Paying careful attention to Definition 10, the word \(\mathbf w\) is \(\alpha \)-power-free iff for all \(\beta \ge \alpha \), \(\mathbf w\) contains no \(\beta \)-power. Therefore, \(S\) is upward closed. On the other hand, \(T\) is an upward dense subset of the complement of \(S\). Therefore, \(\mathrm{ce}(w)=\sup T=\inf S\).

As an example of Definition 10, we have \(\mathtt{0110}^{3/2}=\mathtt{011001}\). Note that the expected Power Rule for Exponents fails for word exponentiation. In general, \((x^a)^b\ne x^{ab}\), for instance

\[ (01)^3=010101\ne 010010= ((01)^{3/2})^2. \]

Fix an alphabet \(\Sigma \), and let \(\Sigma ^+\) denote the set of nonempty words over \(\Sigma \).

Lemma 13 Lyndon and Schützenberger  [ 13 ] ; see  [ 14 , Theorem 2.3.2 ]
#

Let \(c,d,e\in \Sigma ^+\). The equation \(cd=de\) holds iff there exist a nonempty word \(u\), a word \(v\), and a natural number \(p\) such that \(c=uv\), \(d=(uv)^p u\), and \(e=vu\).

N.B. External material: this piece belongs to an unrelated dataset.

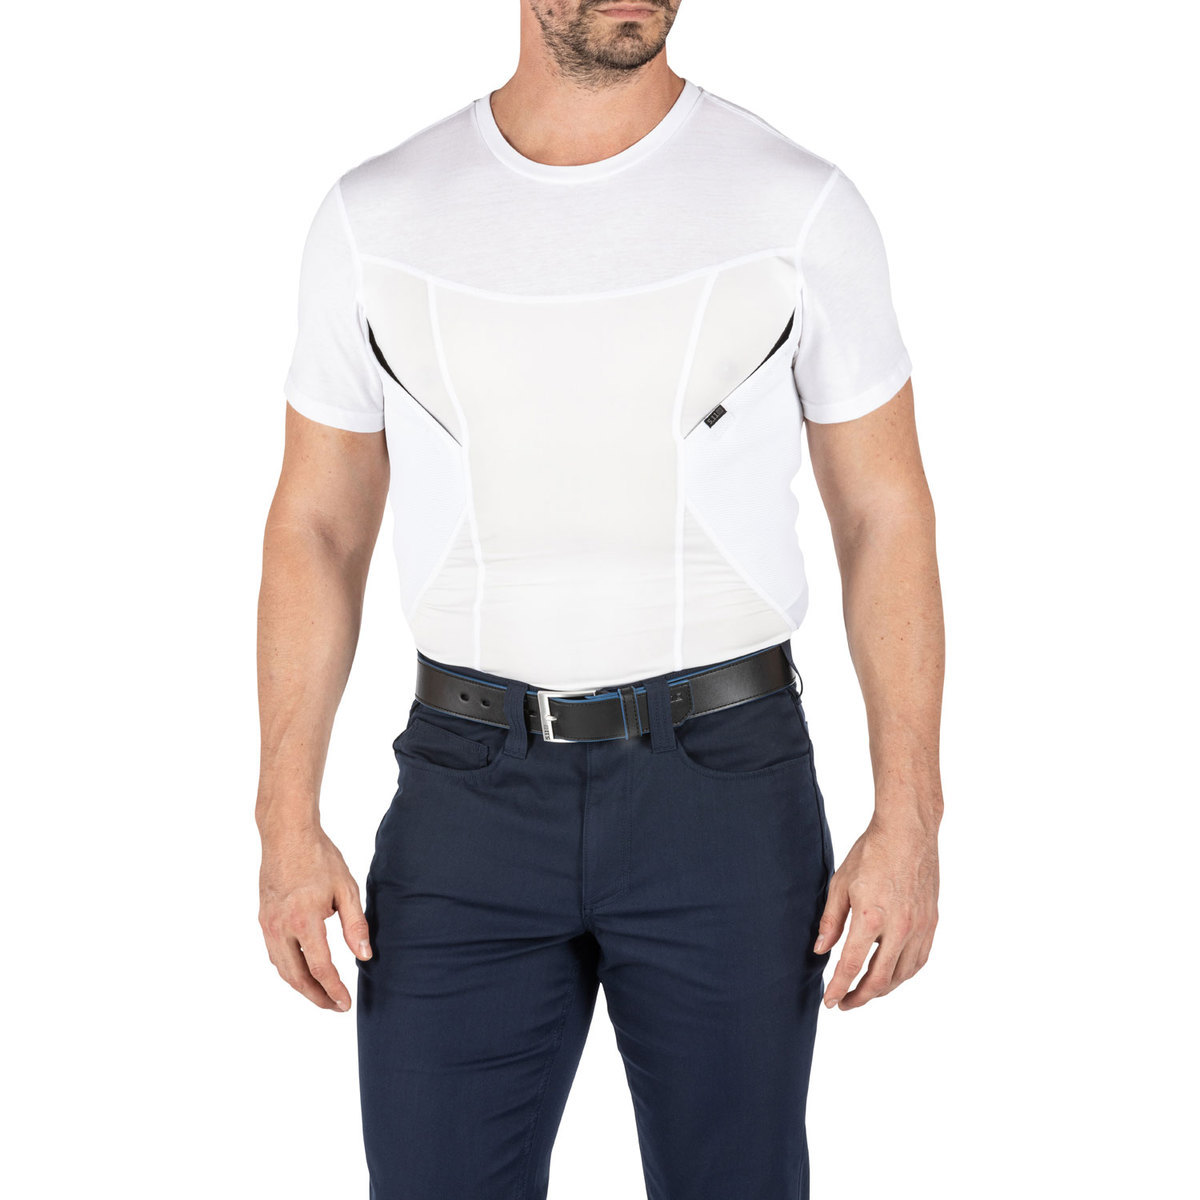 5.11 Men's CAMS Compression Base Layer Concealed Carry Holster Shirt  Sportsman's Warehouse

Theorem 14 Lyndon and Schützenberger  [ 13 ] ; see [ 14 , Theorem 2.3.3 ]
#

Let \(x,y\in \Sigma ^+\). Then the following four conditions are equivalent:

  1. \(xy=yx\).

  2. There exists \(z\in \Sigma \) and integers \(k,l{\gt}0\) such that \(x=z^k\) and \(y=z^l\).

  3. There exist integers \(i,j{\gt}0\) such that \(x^i=y^j\).